I’m sure this is breaking connectivity for other devices too – there are going to be lots of little gadgets in people’s networks that are older or simpler and that only support 802.11b. If you want those to work… you’ll want to enable that legacy support.
Update: We have some wall mounted underfloor heating controllers (with WiFi) in the house… that were unreliable and just couldn’t hold a WiFi connection. You know where this is going … now they work just fine.
The Ubiquiti UDM-Pro is a wonderful beast – everything you’d rationally want in a great, secure, high performance, feature-rich network router with a truly corporate grade feature set. In combination with Ubiquiti UniFI Switches and UniFI Access Points, the result is a capability to set up and run a network with something remarkably close to ‘the greatest of ease’.
The servers and services it makes available used to require days of head-scratching and a Unix command line. Instead, with this equipment, it takes a few hours and an iPhone App (for initial super-easy UDM-Pro configuration) and includes an excellent web interface (with secure remote access also available) for ongoing management.
For sites with lots of access points, it just doesn’t get easier than this – and the performance is excellent.
One thing I wanted to do with my (so far) two sites running this combination of equipment (UDM-Pro, UniFI switches and UniFI wireless Access Points) is to have a solid and seamless 4G 4G/LTE backup (Failover) path configured in and operating, for those times when the primary network connection is down.
Over time, I have cranked through quite a list of brands of both ethernet-to-4G gadgets, and (for a regional site I run), I had also cranked through lots of 4G diversity antennas, trying to find a good one.
In the hope of saving others the same expenditure of time, money, and experimentation, I am documenting the combination that is working (really well!) for me.
The barriers to a good experience in this regard are twofold. When it comes to a 4G-Ethernet ‘modem’, you need one that is fast, reliable, supports external diversity antennas, and (critically) supports ‘bridging’ of the 4G connection through to the ethernet port.
I’ve gone through a lot of (in hindsight) rubbish antennas before I found a good one, and I’ve also gone through a number of 4G/Ethernet routers that are either a bit rubbish and/or that insist on inserting their own layer 3 routing table into the data path, adding other /24 network range, more complexity, and becoming a barrier to direct end-to-end-access from the UDM-Pro to the 4G/LTE network provider.
The Parts List
Here are the devices that have worked (really well!) for me… after a trying a lot that did not work well or (in most cases) just did not work at all!

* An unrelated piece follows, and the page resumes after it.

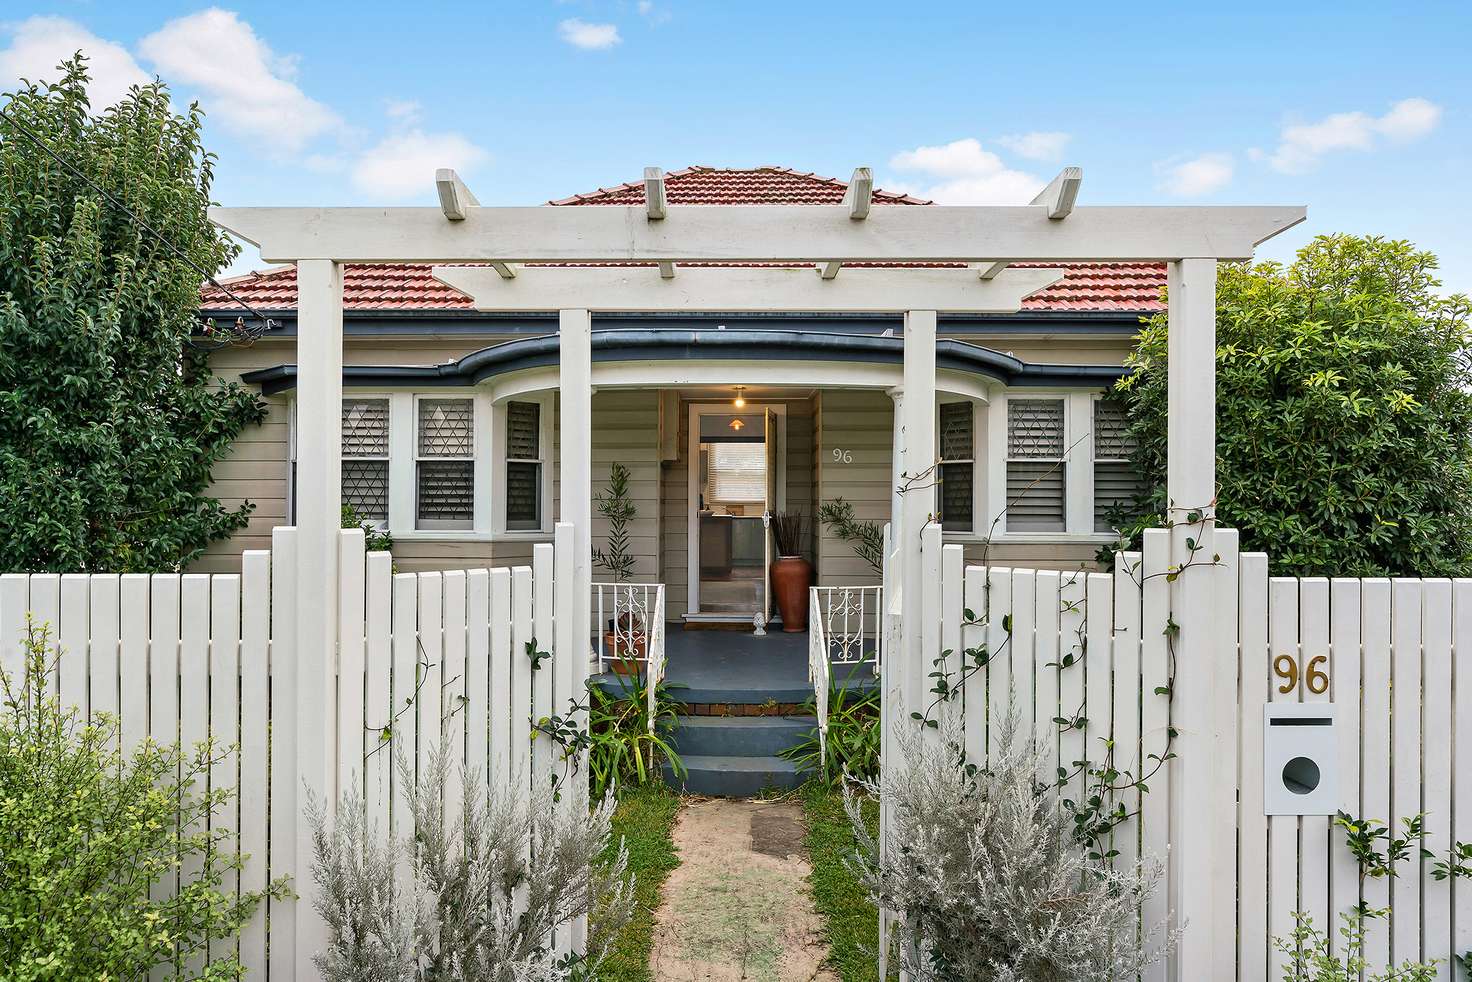 Main view of Homely house listing, 96 Howe Street, Lambton NSW 2299

This model is available at Officeworks for A$249 (though I found you ‘had to ask’ – it was behind the front counter, not on the in-store shelving – perhaps because it is a relatively expensive and yet relatively small, hence steal-able box).
The unit has exactly what you need and nothing you don’t. There’s a LAN ethernet port (and a WAN one we don’t need to use for this application), and there is no WiFi (not needed, and just a distraction in practice to have it in there and to have to turn it off).
This unit takes a standard 4G/LTE SIM directly. This goes into little socket arrangement in the base of the unit is a touch non-obvious in terms of how to load and lock-in the SIM. That said, there is a little cardboard guide sheet stuck in the SIM slot to help you to work it out. You open the sliding cover, lay the SIM down on the pins in the box, close the cover and slide it up to lock it.
I configured it at first with my Mac, using a USB-Ethernet dongle cabled directly to the unit with a (supplied) patch lead.
In terms of configuration: With a Telstra SIM installed, it was 100% instant plug-and-play, coming up initially on 192.168.5.1 and logged in using the password printed on the back of the box.
I did a firmware update (on general principles) – downloading via the LTE network to do it.
Then I simply switched the unit from router mode to ‘bridge’ mode. This is the key to a very simple life!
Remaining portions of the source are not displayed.